中学生アスリートには知っておいて欲しい “マタイ効果” について
この話をしてきましたが、どうしても努力では越えられない壁があります。
そのうちのひとつがマタイ効果です。
マタイ効果は、中学生・高校生のアスリートには、以前紹介したクラムジーとともに知っておいて欲しい現象です。

今回はマタイ効果についてです。
【マタイ効果とは】
マタイ効果は、科学社会学の創始者、ロバート・K・マートンが唱えた現象のことです。
マートンは、研究者は、最初は平等な土俵に立って競争していたとしても、いったん一人がよい研究成果を出すと、その研究者には補助金やよい研究設備が与えられたりして、よりよい成果を出せるような仕組みになっている。
そのため、著名な研究者はますます功績を上げるし、著名でない研究者はずっと功績を上げられない。
この現象を、上記『マタイによる福音書弟13章12節』をなぞらえて“マタイ効果”と命名しました。
【スポーツにおけるマタイ効果】
【カナダ:アイスホッケー選手の誕生月】

カナダの心理学者であるロジャー・バーンズリー。
この日は知り合いの子が出場するアイスホッケーのメモリアルカップ決勝戦の観戦にきていたそうです。

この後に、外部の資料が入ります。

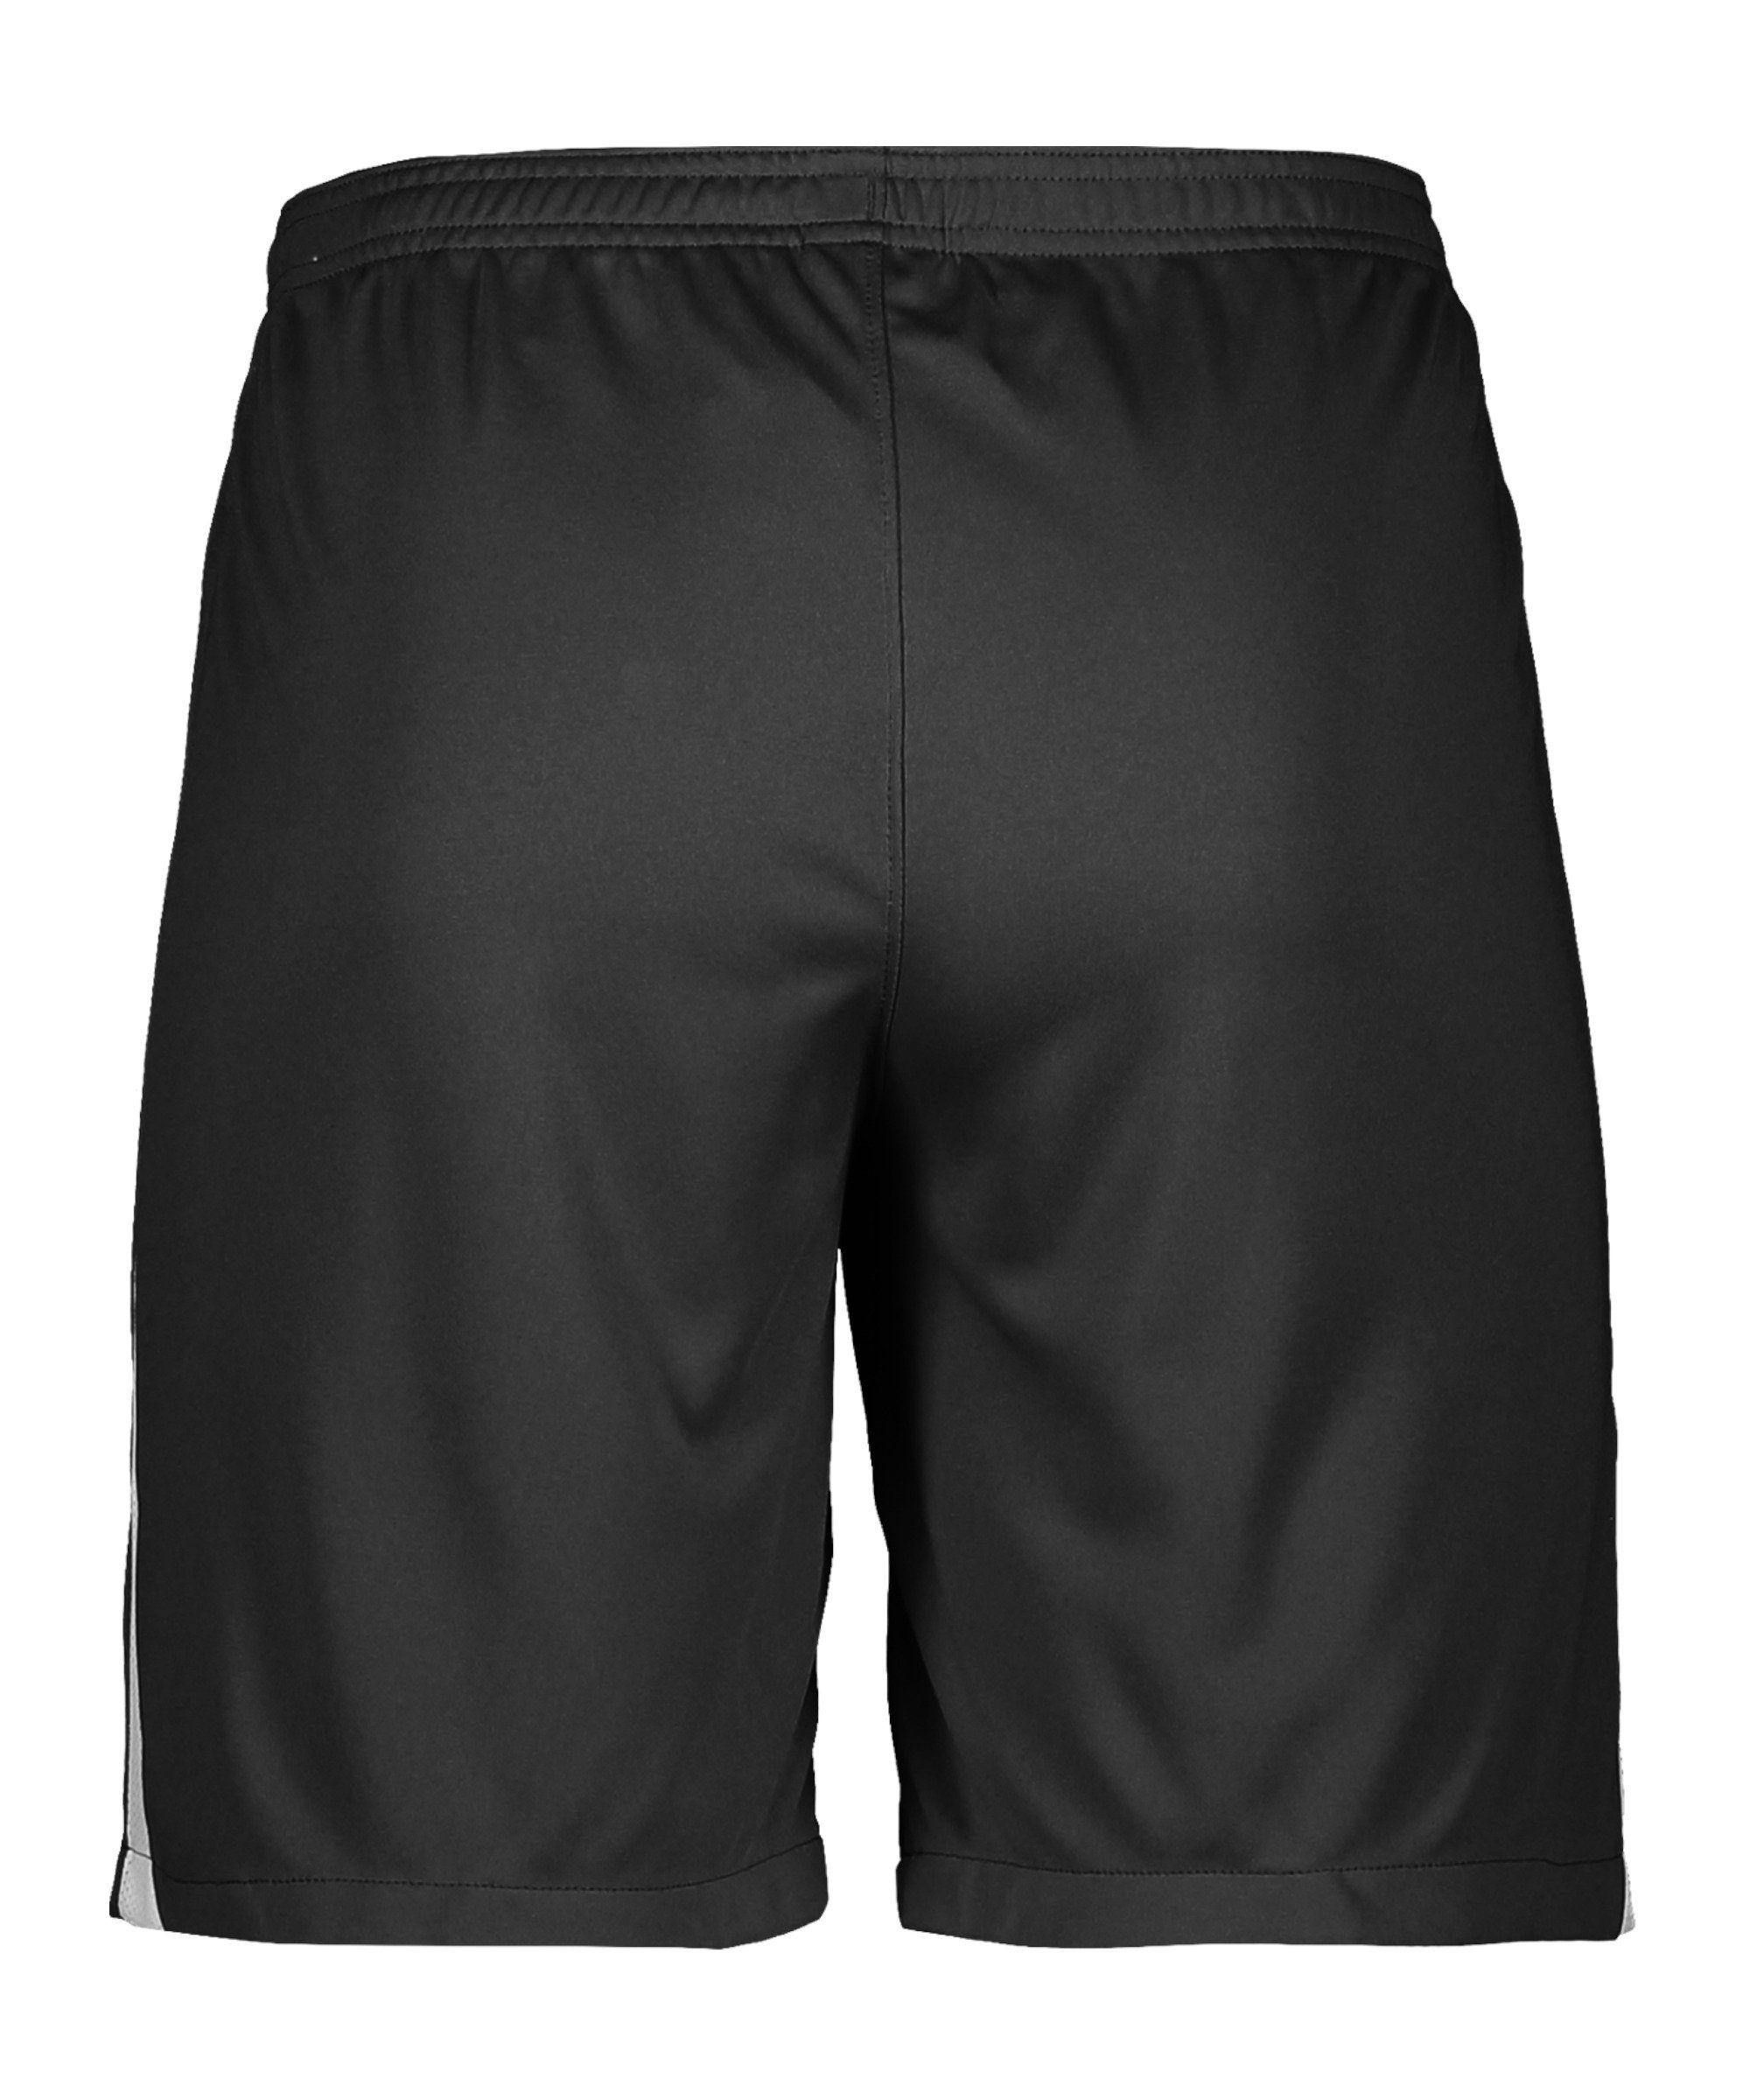 Nike Sporthose League Short schwarzweissweiss III

メモリアルカップとは、カナダにおける17歳から19歳の選手が所属する最高峰リーグ、メジャージュニアAリーグの決勝でした。
大会のパンフレットを見ていた彼の妻がいった一言
「みんな1月から3月の生まれなんだ~。」
この言葉に興味をもったロジャーが、カナダ出身のプロアイスホッケー選手を調べてみたところ・・・
40%が1~3月生まれ、
30%が4~6月生まれ、
20%が7~9月生まれ、
10%が10~12月生まれ
という結果だったそうです。
理由を調べてみると非常に明確で、カナダのアイスホッケーでは、同じ年齢の少年を集めてクラスをつくる場合、年齢を区切る期日を「1月1日」に設定しているからです。

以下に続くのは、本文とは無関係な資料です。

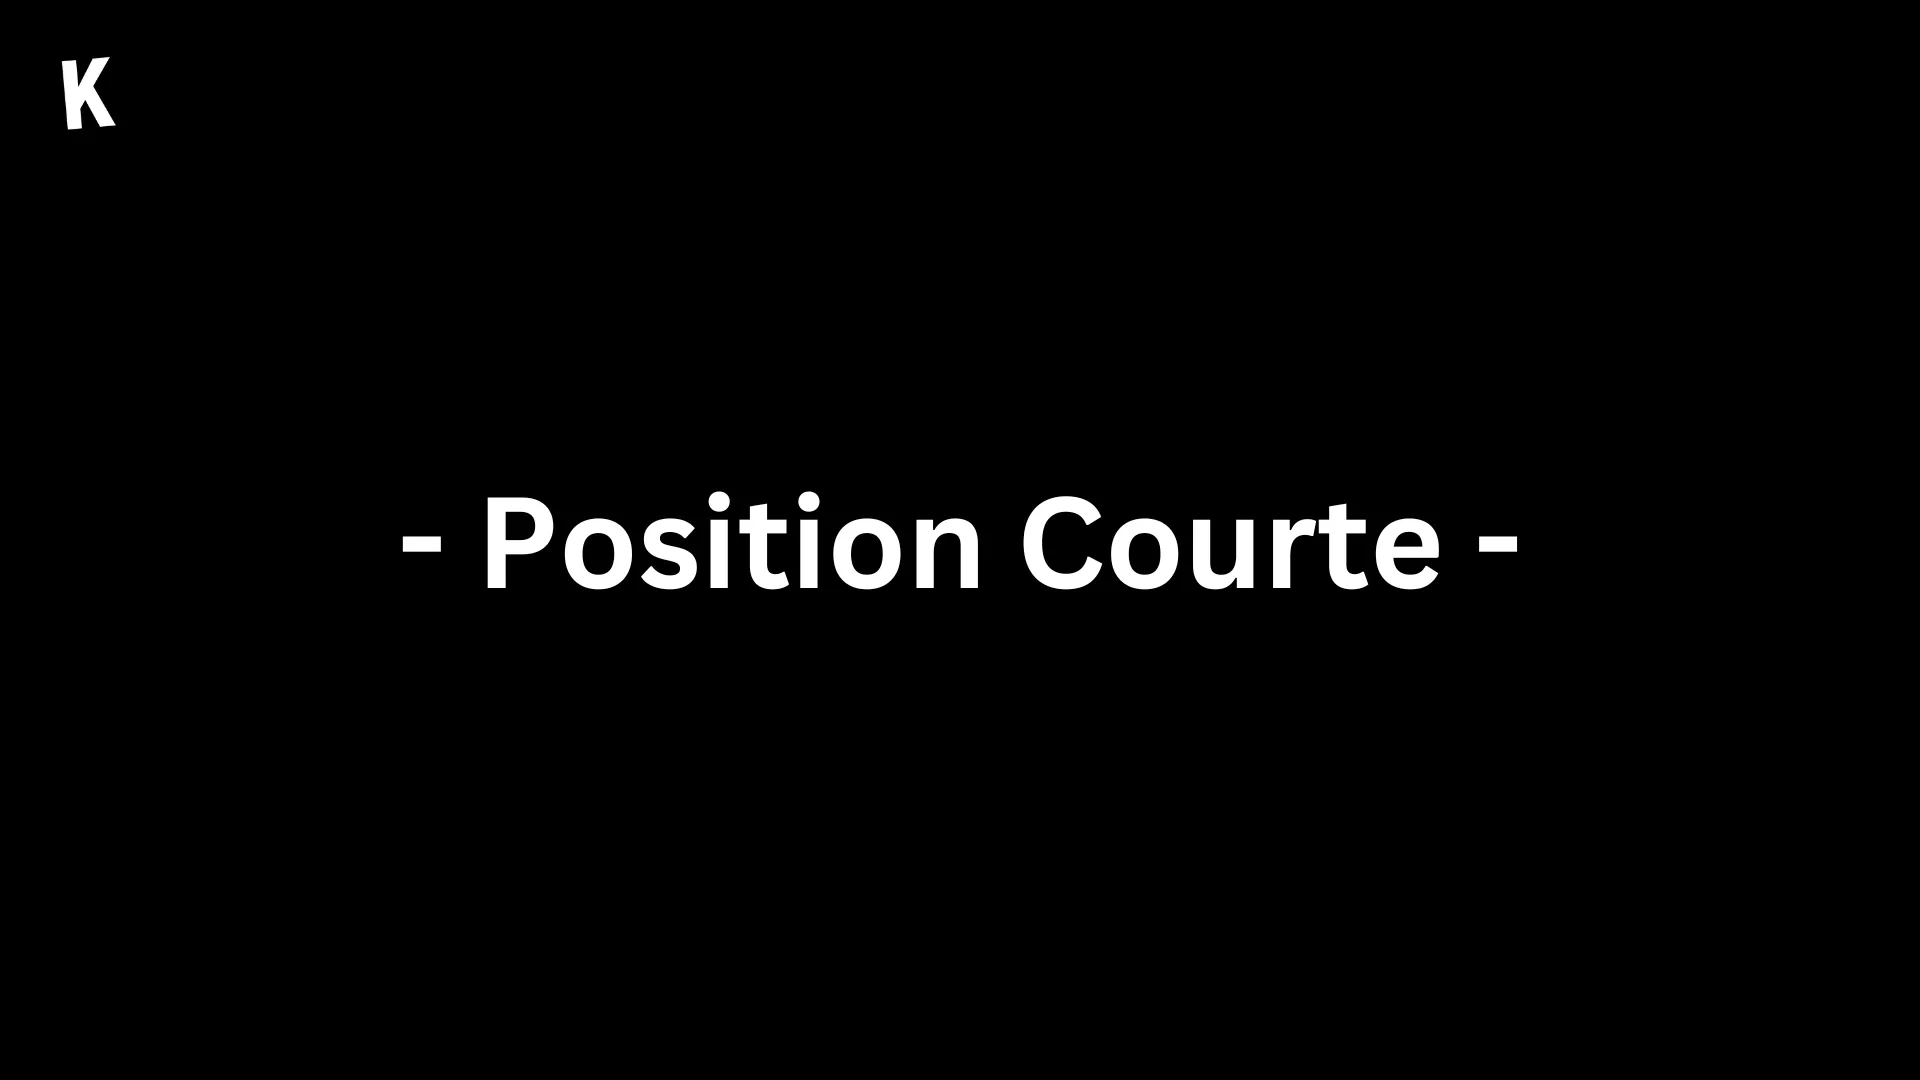 Position courte

つまり、1月生まれと12月生まれでは、約1年間違う訳です。
この結果に興味を持ったロジャーは、他の競技も調べてみてみると・・
カナダの野球は、8/1~7/31で年齢を区切っているので、8月生まれのメジャーリーガーが多いそうです。
イングランドでは、9/1~8/31で年齢を区切っているので、9月~11月生まれのプレミアリーグ選手が多いそうです。
【日本の場合】
では、日本ではどうでしょうか?
若年期のスポーツのカテゴリは、学年で区切られるパターンがほとんどです。
高校野球、高校サッカーなんかは典型的ですよね。
4/2~翌4/1生まれがひとつのカテゴリーになっているパターンが多いです。
その結果、プロ野球選手、Jリーガーとも、プロになる選手は4月~6月生まれが多いのです。

出典:2011年4月8日 NIKKEI STYLE 「プロ野球選手やJリーガー、何月生まれが多い?」
https://style.nikkei.com/article/DGXBZO26261010W1A400C1000000
少年期での1年は大きな違いです。体と精神の成長が早く、有利なスタートを切った子どもは、メンバーに選ばれやすく、選ばれると質のよい指導を受けて、さらにレベルの高い仲間と競い合う機会にも恵まれます。
恵まれなかった子どもは、恵まれた子どもとの差が拡がることで、自然と早い段階で淘汰して(されて)いく為、一流(この場合はプロ選手)になる誕生月が偏るのです。
最初、同じ年齢の仲間よりほんのちょっとだけ上手だった。
そして小さな差が好機を招き、その差が少し広がる。さらに、その有利な立場が次の好機を招く。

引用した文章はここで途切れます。